First offer you my heartfelt thanks on the operating system wonderful FreeBSD. What are the keyboard shortcuts by which I can move to add a new line?







===============================================================

Second, what are the keyboard shortcuts or keys by which to move pointer to the write end of the page to write wq.


----------



## phoenix (Mar 14, 2012)

Read the man page:  vi(1)

Look for "insert mode" (aka, the letter *i*) and escaping to "control mode" (aka *ESC*).

Better yet, forget vi exists, and just use ee(1).    You'll be better off for it.  vi needs to die.


----------



## fonz (Mar 14, 2012)

phoenix said:
			
		

> vi needs to die.


Don't hold your breath...


----------



## _martin (Mar 14, 2012)

fonz said:
			
		

> Don't hold your breath...



+1 for that .. There's no better text editor than vi(m).
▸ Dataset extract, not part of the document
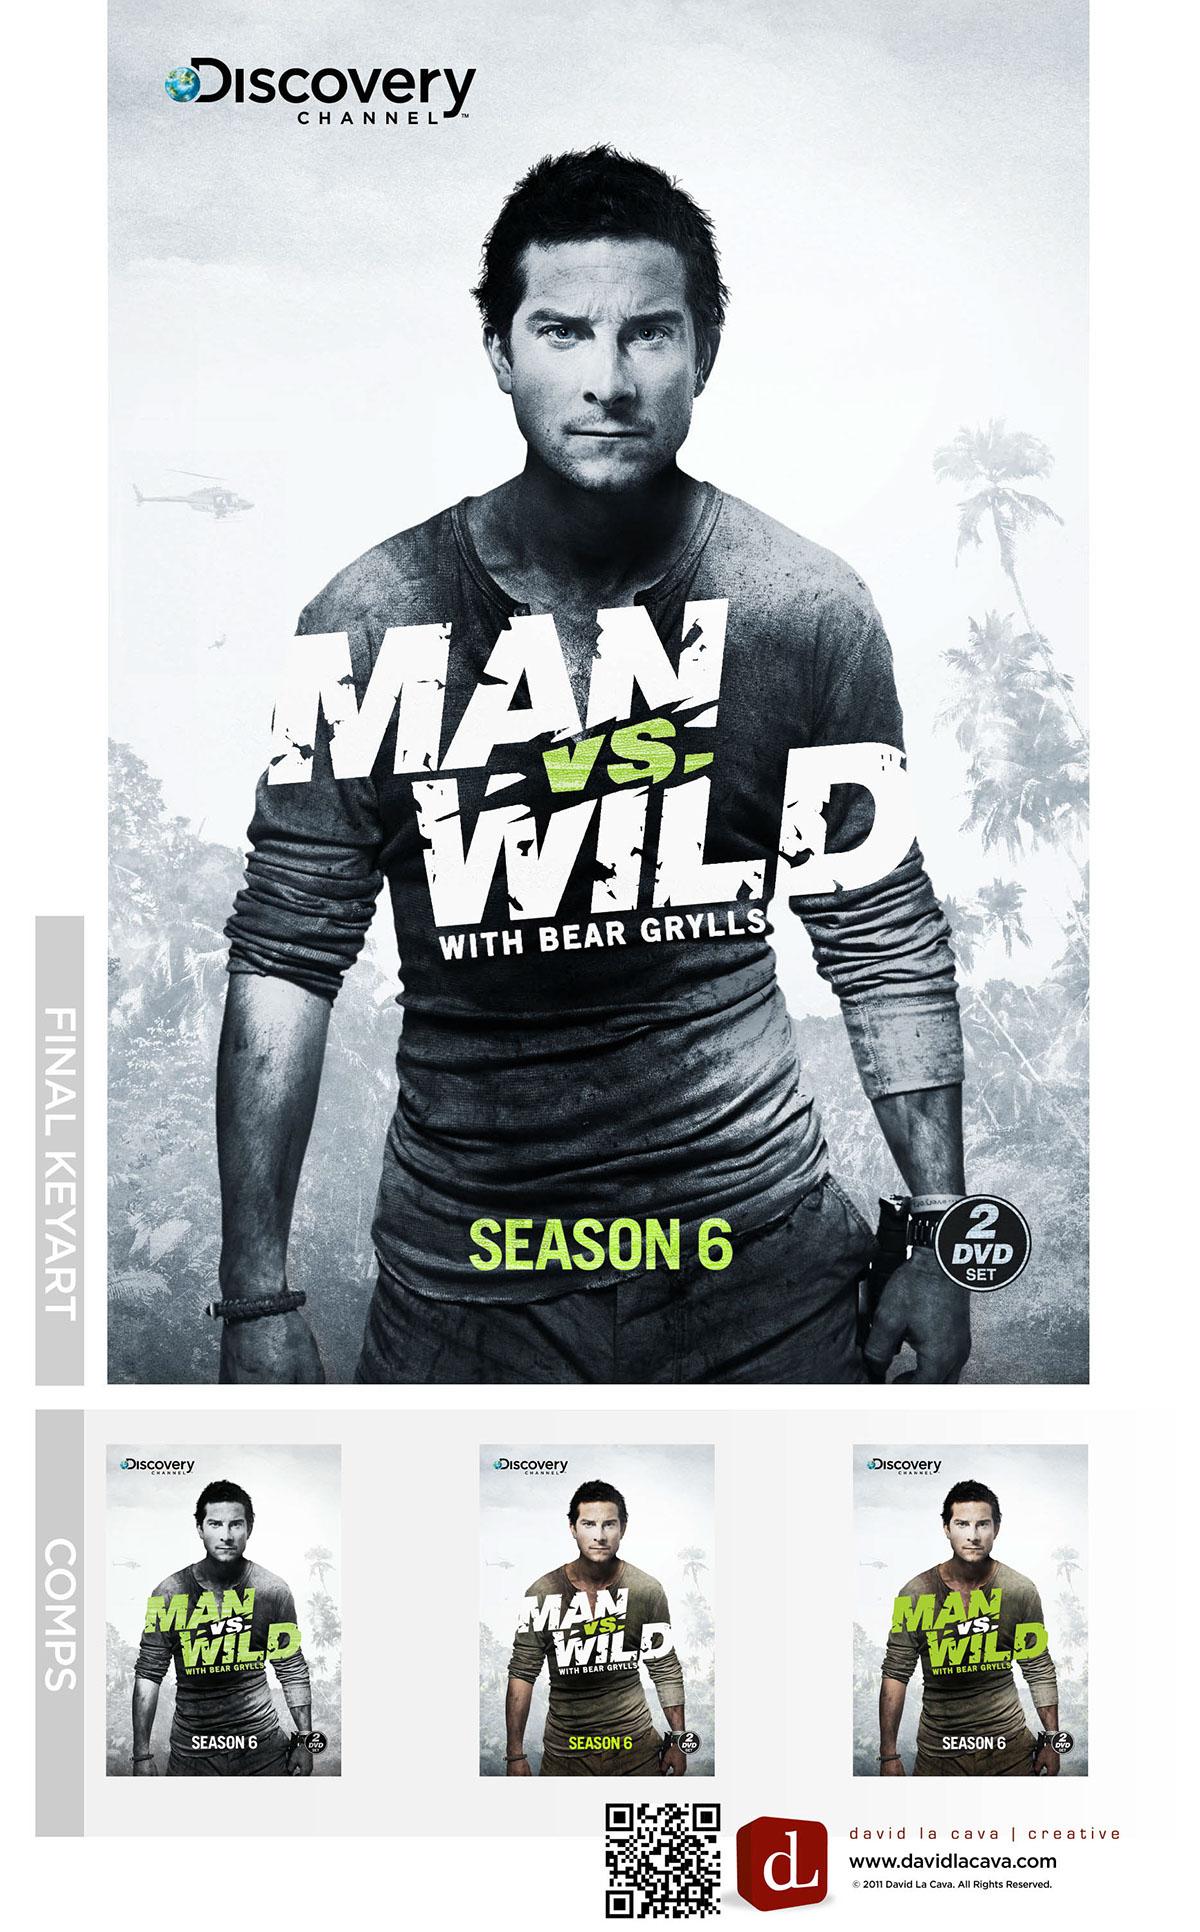 Man vs. Wild Season 6 Campaign
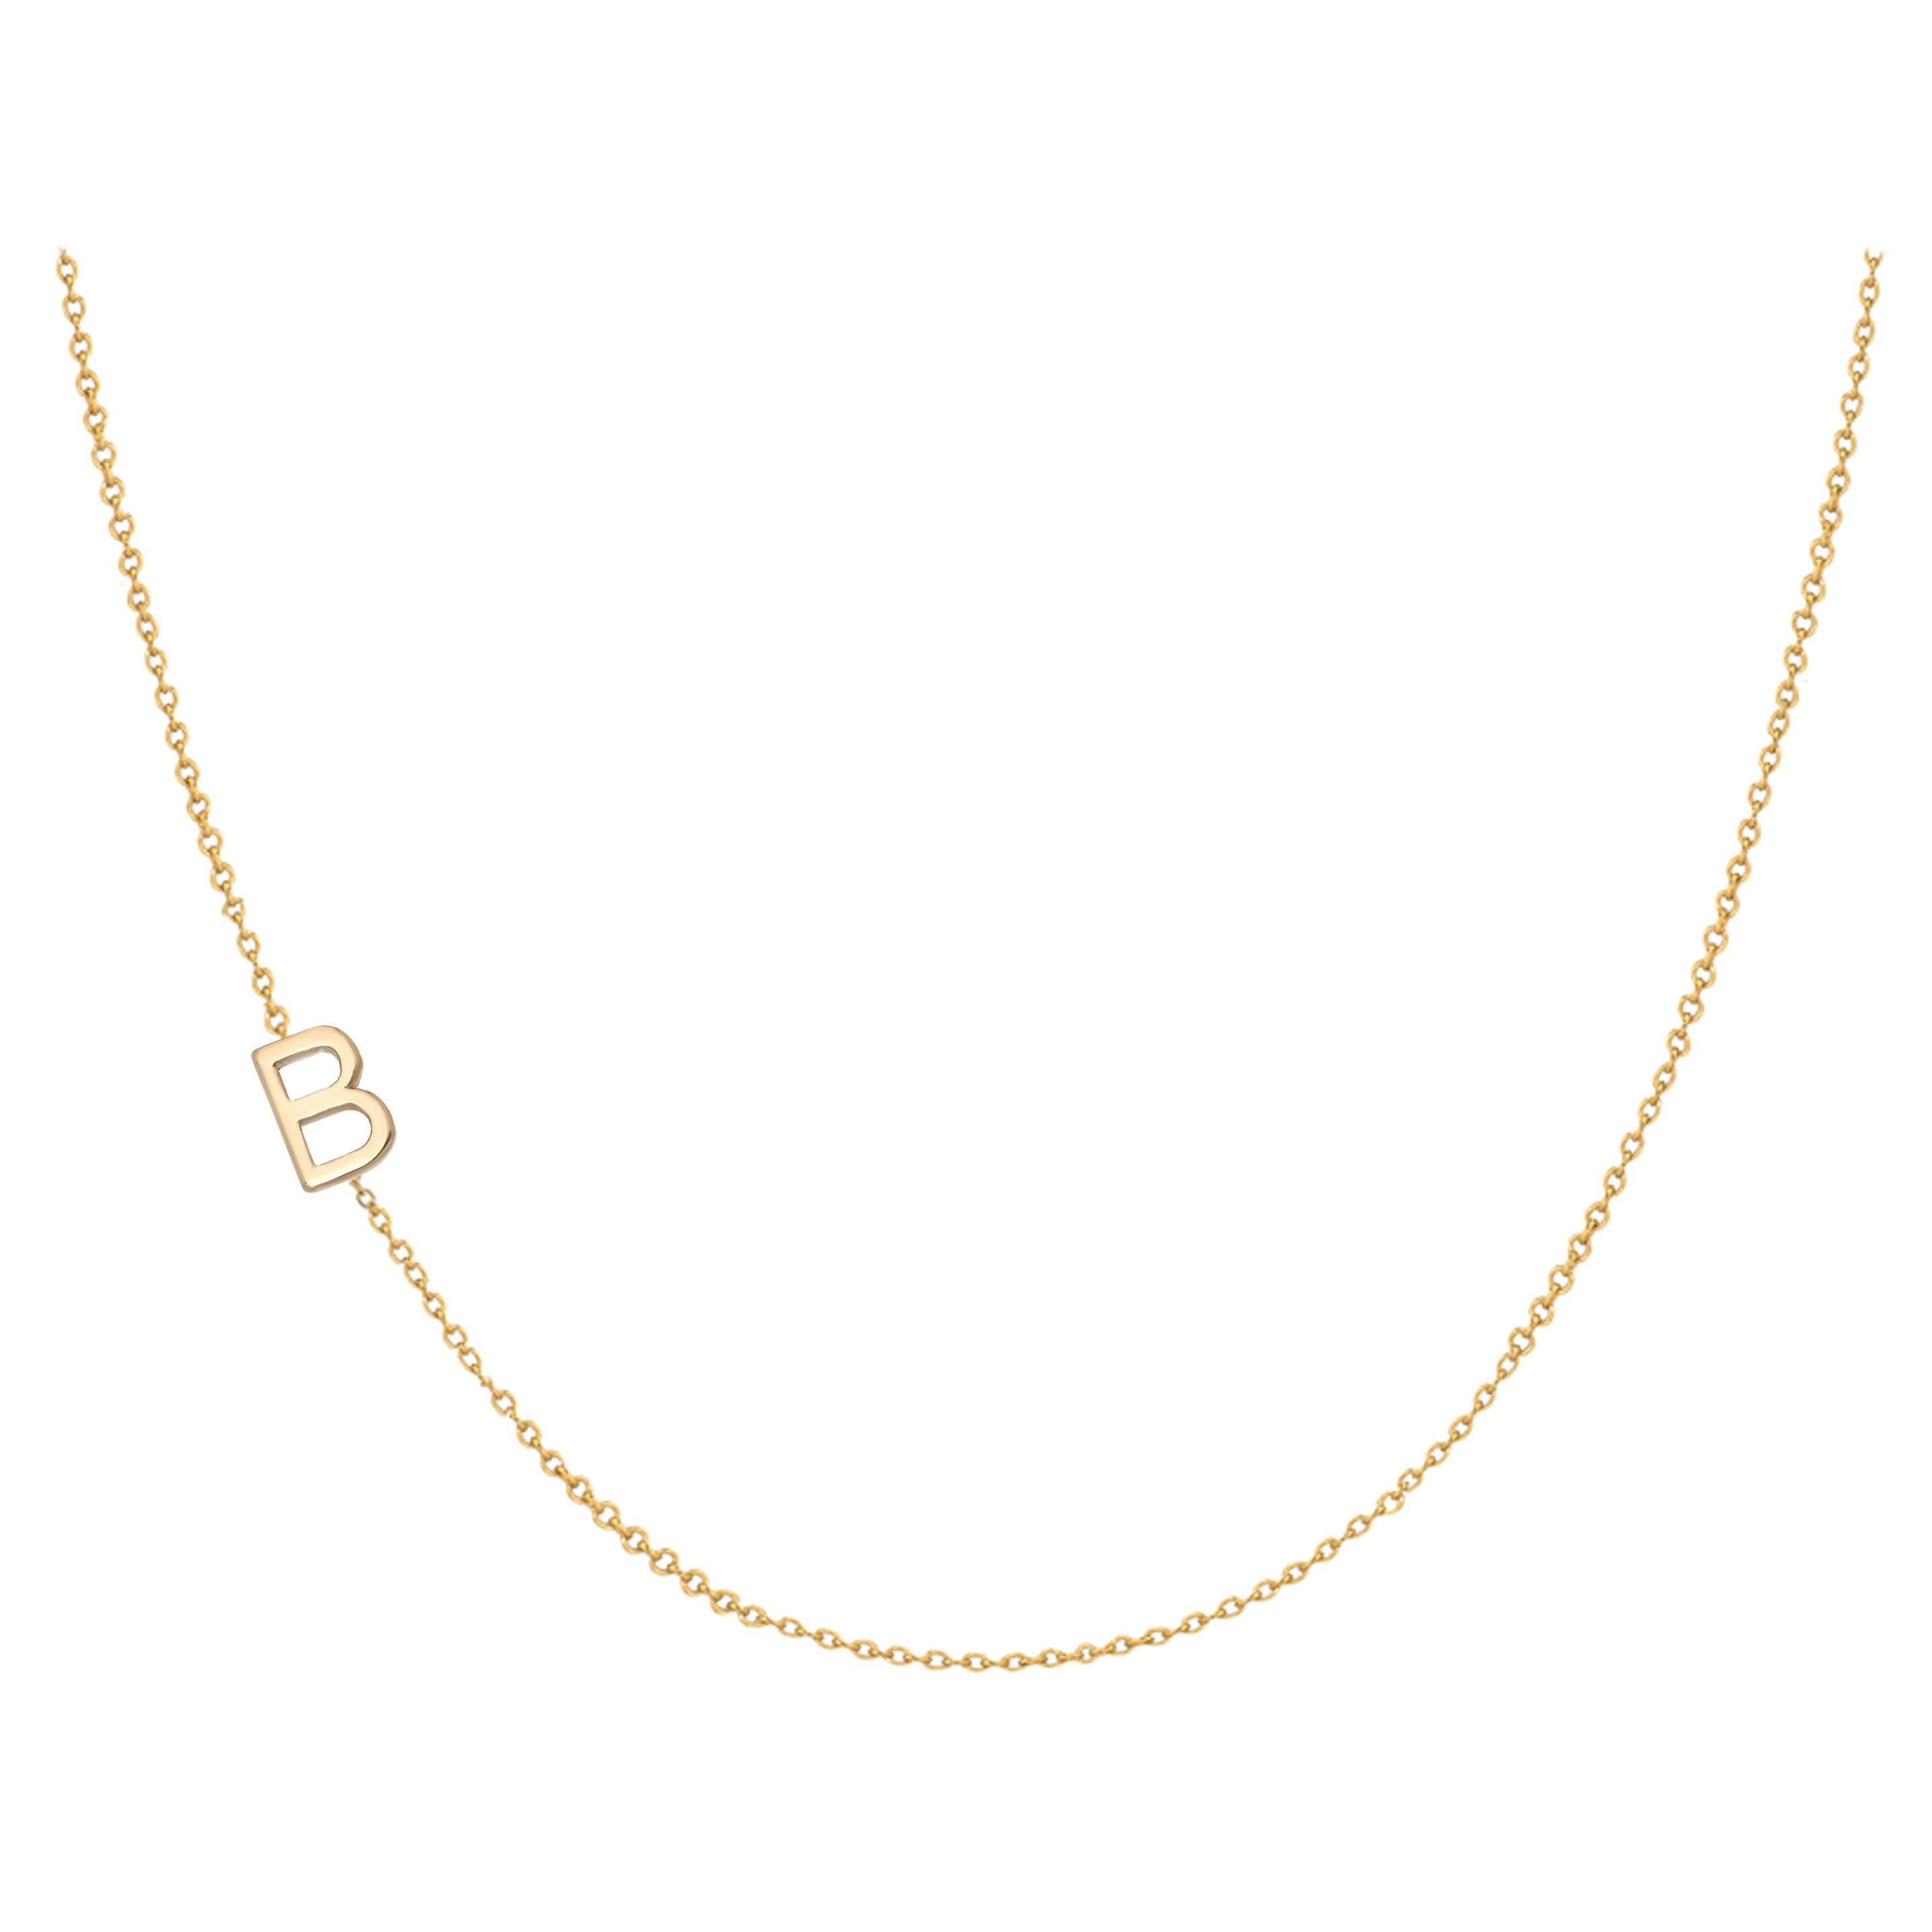 14 Karat Gold Asymmetrical Initial Necklace, B

But not to start flame or st., @dsbs you can also use ":x" instead of ":wq". Also have a look at vi cheat sheet.


----------



## dsbs (Mar 14, 2012)

Gentlemen

phoenix, fonz, matoatlantis,

Thank you very much for your help and gratitude.



*[ Do NOT use fonts, colors, or font sizes on this forum! - http://forums.freebsd.org/showthread.php?t=18043 - Mod. ]*


----------



## UNIXgod (Mar 14, 2012)

If you install vim located at editors/vim-lite it should have a program called vimtutor. when you invoke it it will teach you enough vi to be useful to you.

As pheonix mentioned ee() is there for people just starting. It may be a good scaffold for you until you get your vi() bearings.

Good luck!


----------



## throAU (Mar 15, 2012)

phoenix said:
			
		

> Better yet, forget vi exists, and just use ee(1).    You'll be better off for it.  vi needs to die.



If you know how to use vi, it is extremely fast as you rarely need to leave the home row.  EMACS needs to die.


----------